Data Warehouse Design Techniques – Simple Hierarchical Dimensions

Data Warehouse Design Techniques – Snowflaking
February 8, 2017
Data Warehouse Design Techniques – Ragged Hierarchical Dimensions
March 8, 2017
Today, continuing through our look at the advanced modeling techniques of dimensional data warehouses, we will take a look at simple hierarchical dimensions.

Simple Hierarchical Dimensions

Hierarchical dimensions are those dimensions which have a parent/child relationship. In simple hierarchies there every child has a parent at the level above with no skipping of levels. A date (day, month, quarter, year) is the most common example of a simple hierarchical dimension and one that is used by all dimensional data warehouses.

The question for the data modeler is how to model the hierarchy? Let’s use the date dimension for some initial examples. The first and most common way to model the date hierarchy is to flatten the date into a single dimension where you have every piece of information you need concerning the date in a single location.

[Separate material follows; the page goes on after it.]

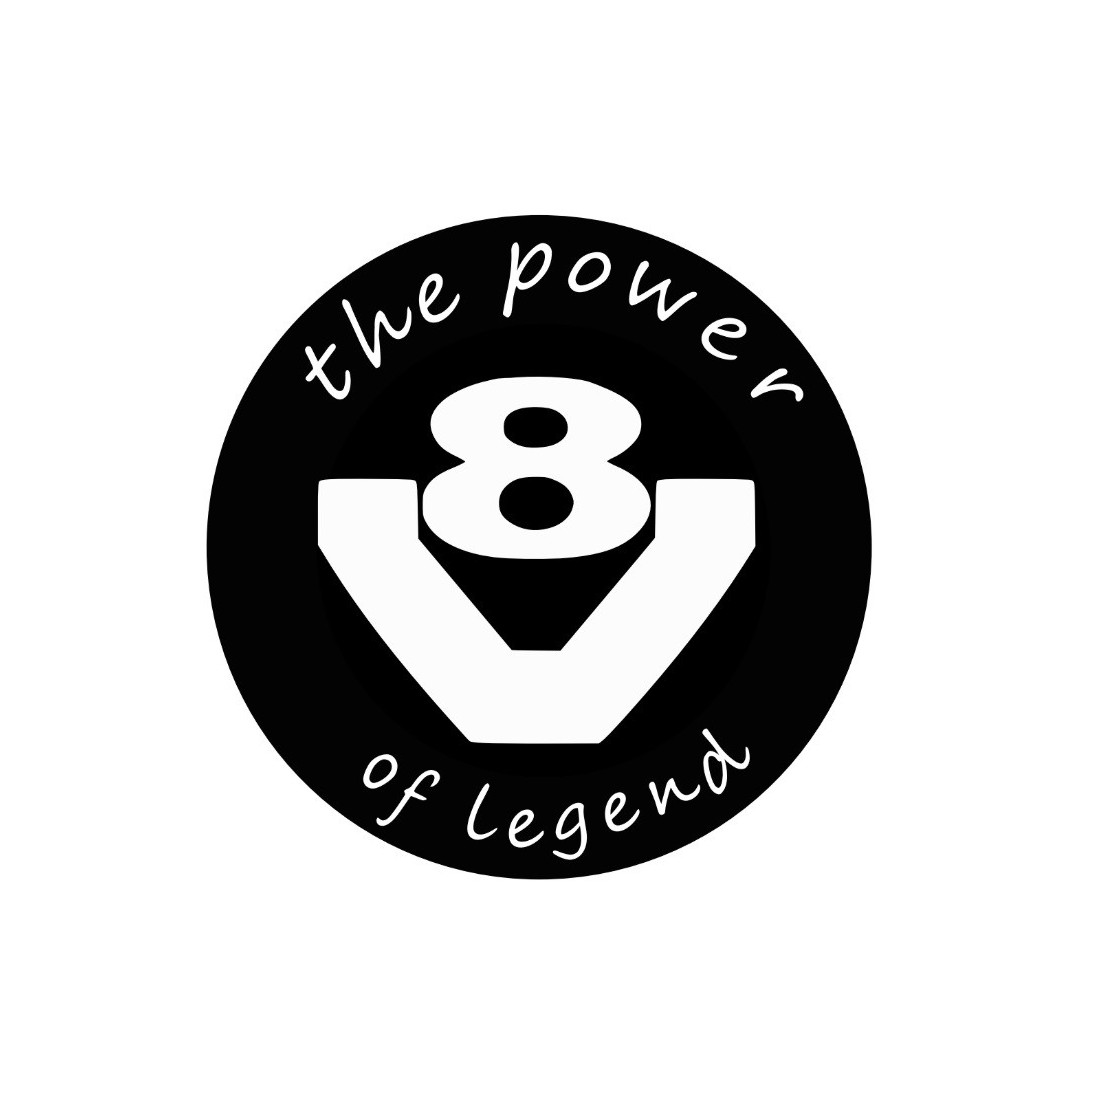 V8 THE POWER OF LEGEND

In this flattened dimensional hierarchy, you can see all of the parent, grandparent, great-grandparent, etc. information of the date in a single table. The selecting of a date will provide you with the detailed information about the date (day of week name, if the day is a holiday, etc.), as well as the information about the week, month, quarter and year of the calendar year as well as that of the fiscal year. One simple select will provide you with a large amount of detail.

 

Snowflaking Hierarchical Dimensions

A different way to model this information would be to snowflake the dimension. As can be seen below.

 

Here you will obtain the same information but, as I pointed out in a previous post, it will take you several additional joins to obtain the same information you could obtain from a single join when using a totally flat hierarchical dimension.

The snowflake is often used to address the challenge of having dimensions which need to use the date at different parts of the hierarchy. For instance, I want to capture the measures at a monthly or quarterly level, not at a specific date. To address this issue without snowflaking one would simply create new dimensions with the unique data from that point forward. I have modeled the DIM_MONTH and DIM_QUARTER dimensions below.

 

One would use these dimensions as needed, always using the dimension with the most detailed information for the grain of the fact.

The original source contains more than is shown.